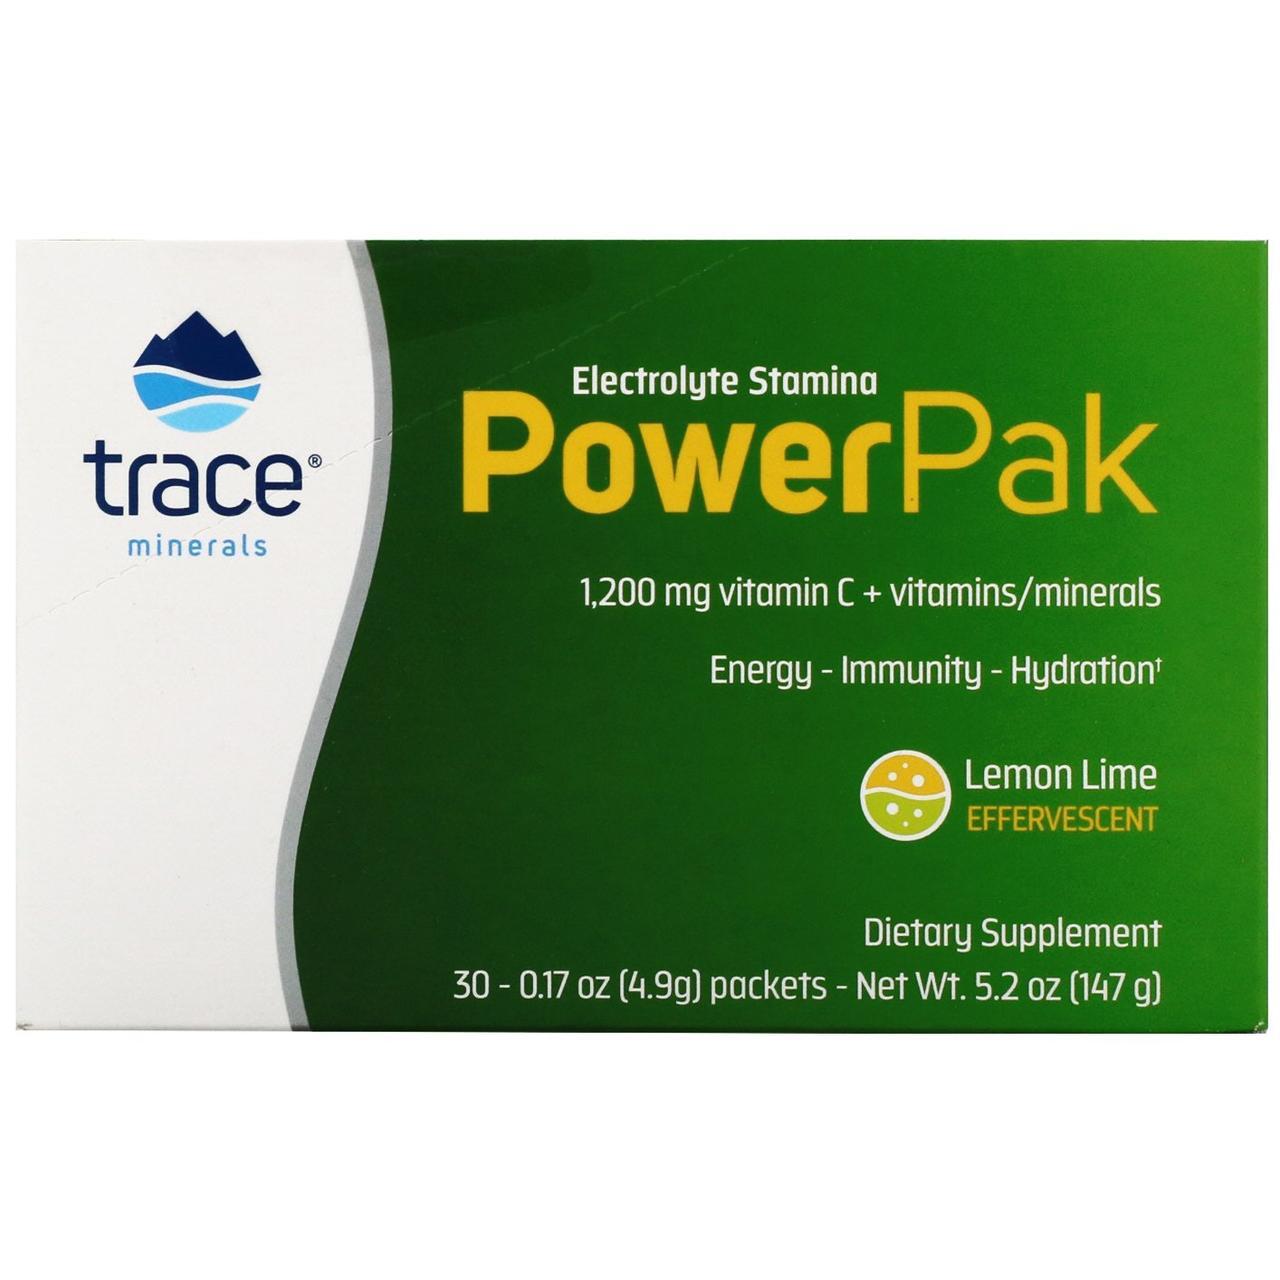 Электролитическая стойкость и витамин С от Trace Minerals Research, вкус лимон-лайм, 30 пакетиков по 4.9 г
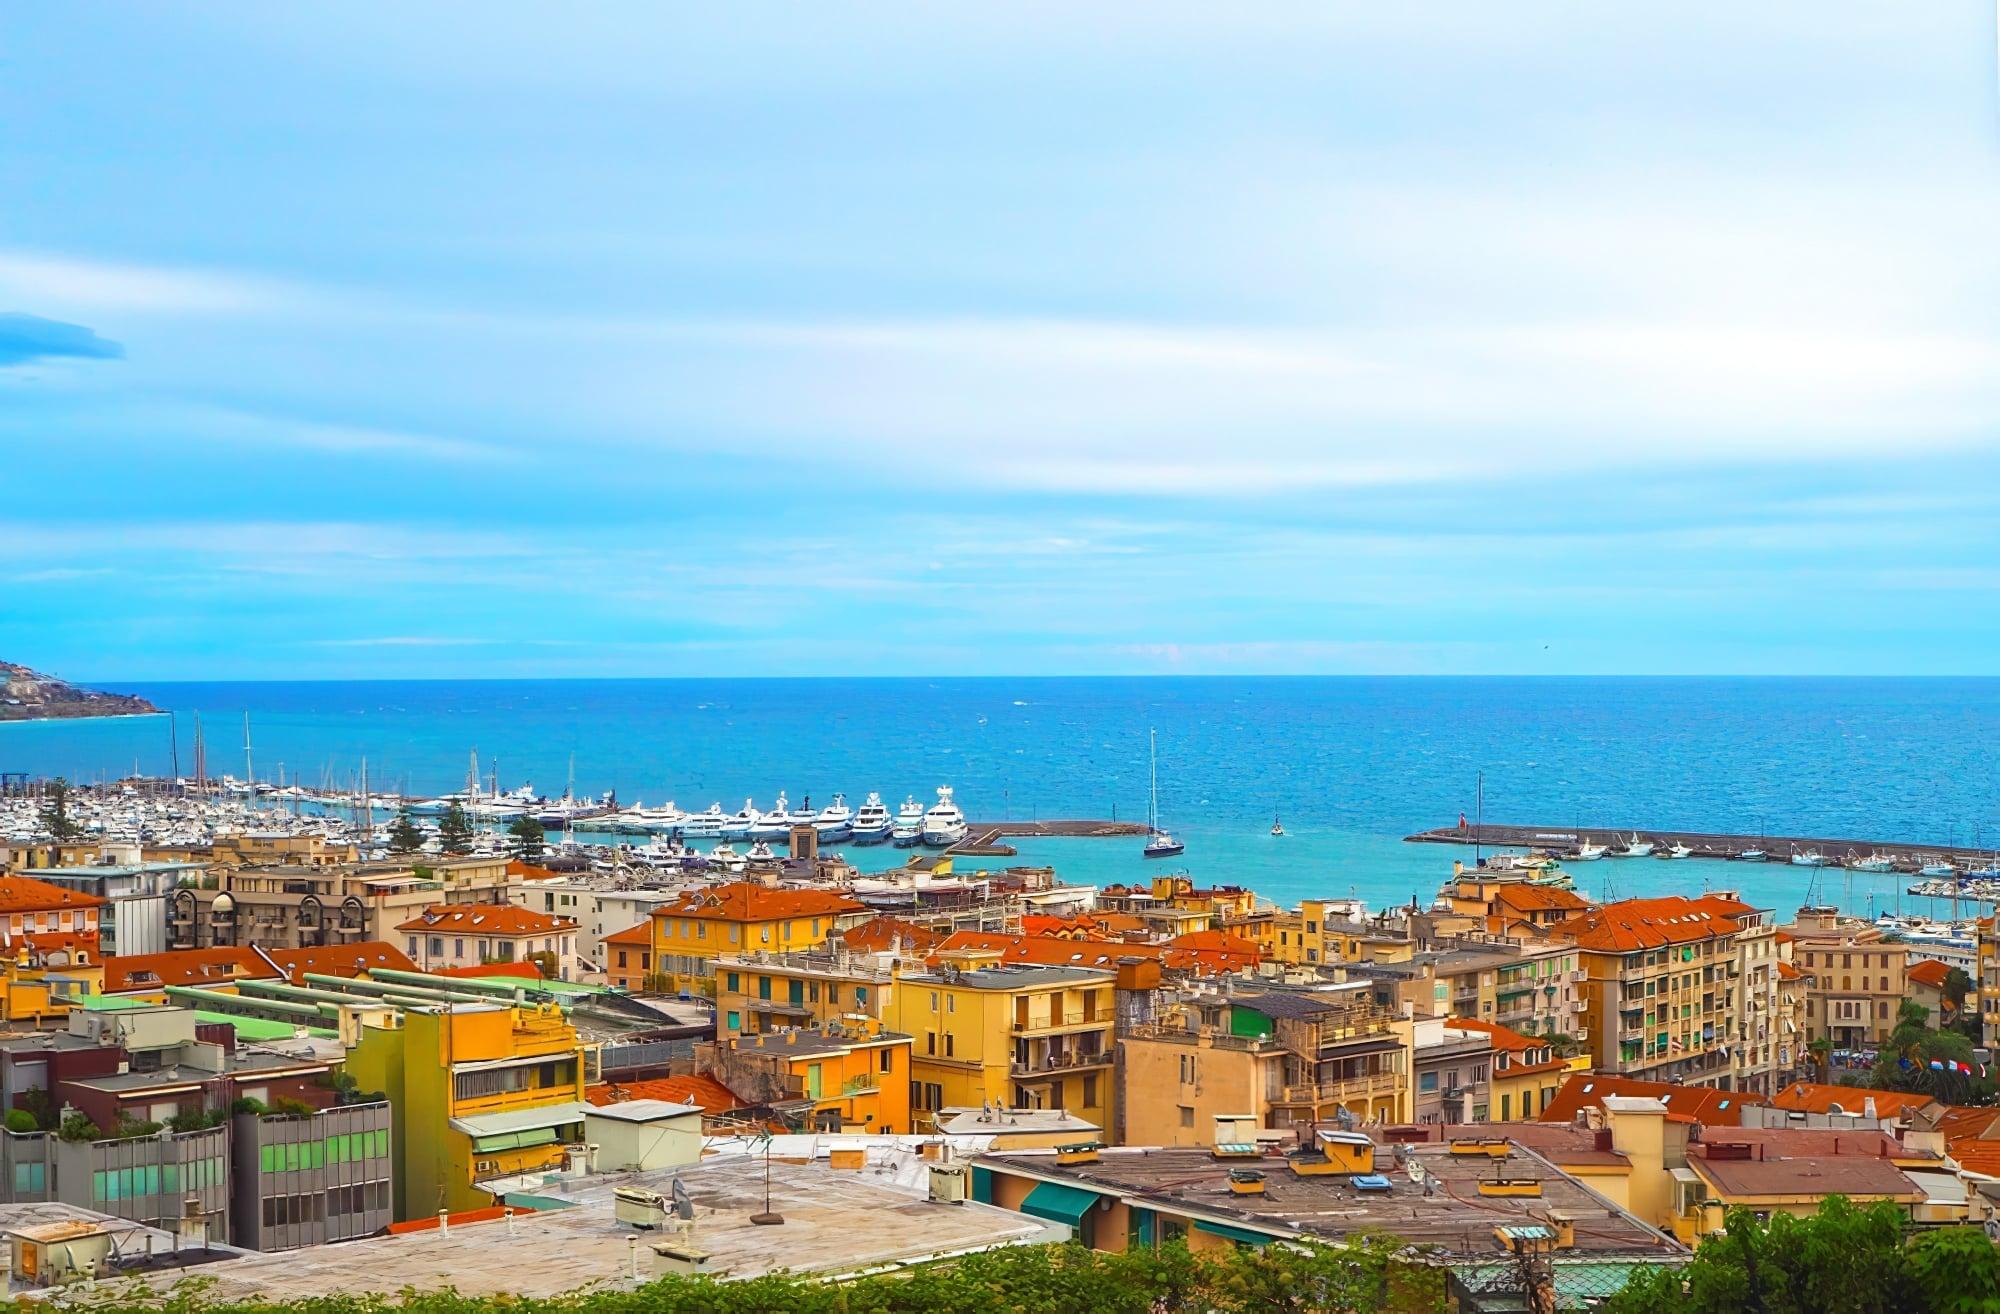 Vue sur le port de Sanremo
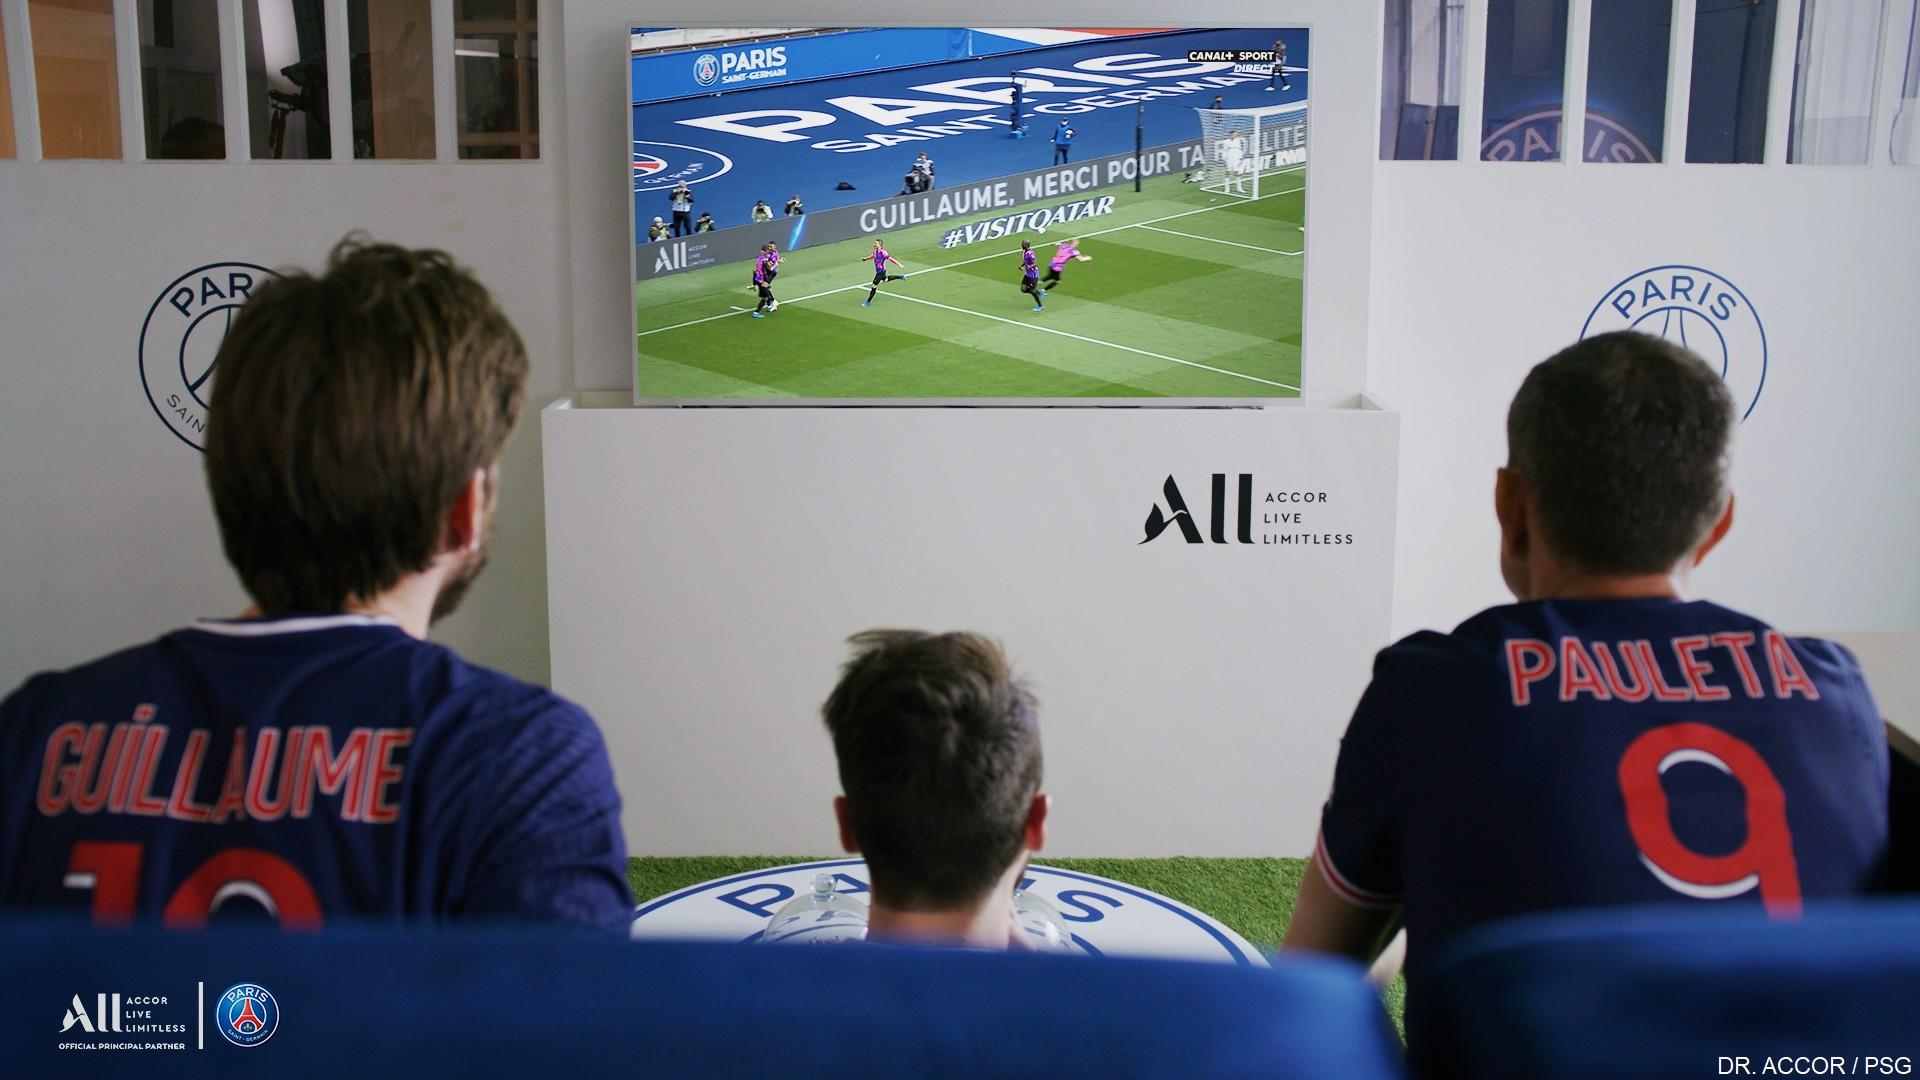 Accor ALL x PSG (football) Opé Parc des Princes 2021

__Exercise prompt__: Copy the data verbatim, skipping any image it holds.

__Response box__:
 Электролитическая стойкость и витамин С от Trace Minerals Research, вкус лимон-лайм, 30 пакетиков по 4.9 г
 Vue sur le port de Sanremo
 Accor ALL x PSG (football) Opé Parc des Princes 2021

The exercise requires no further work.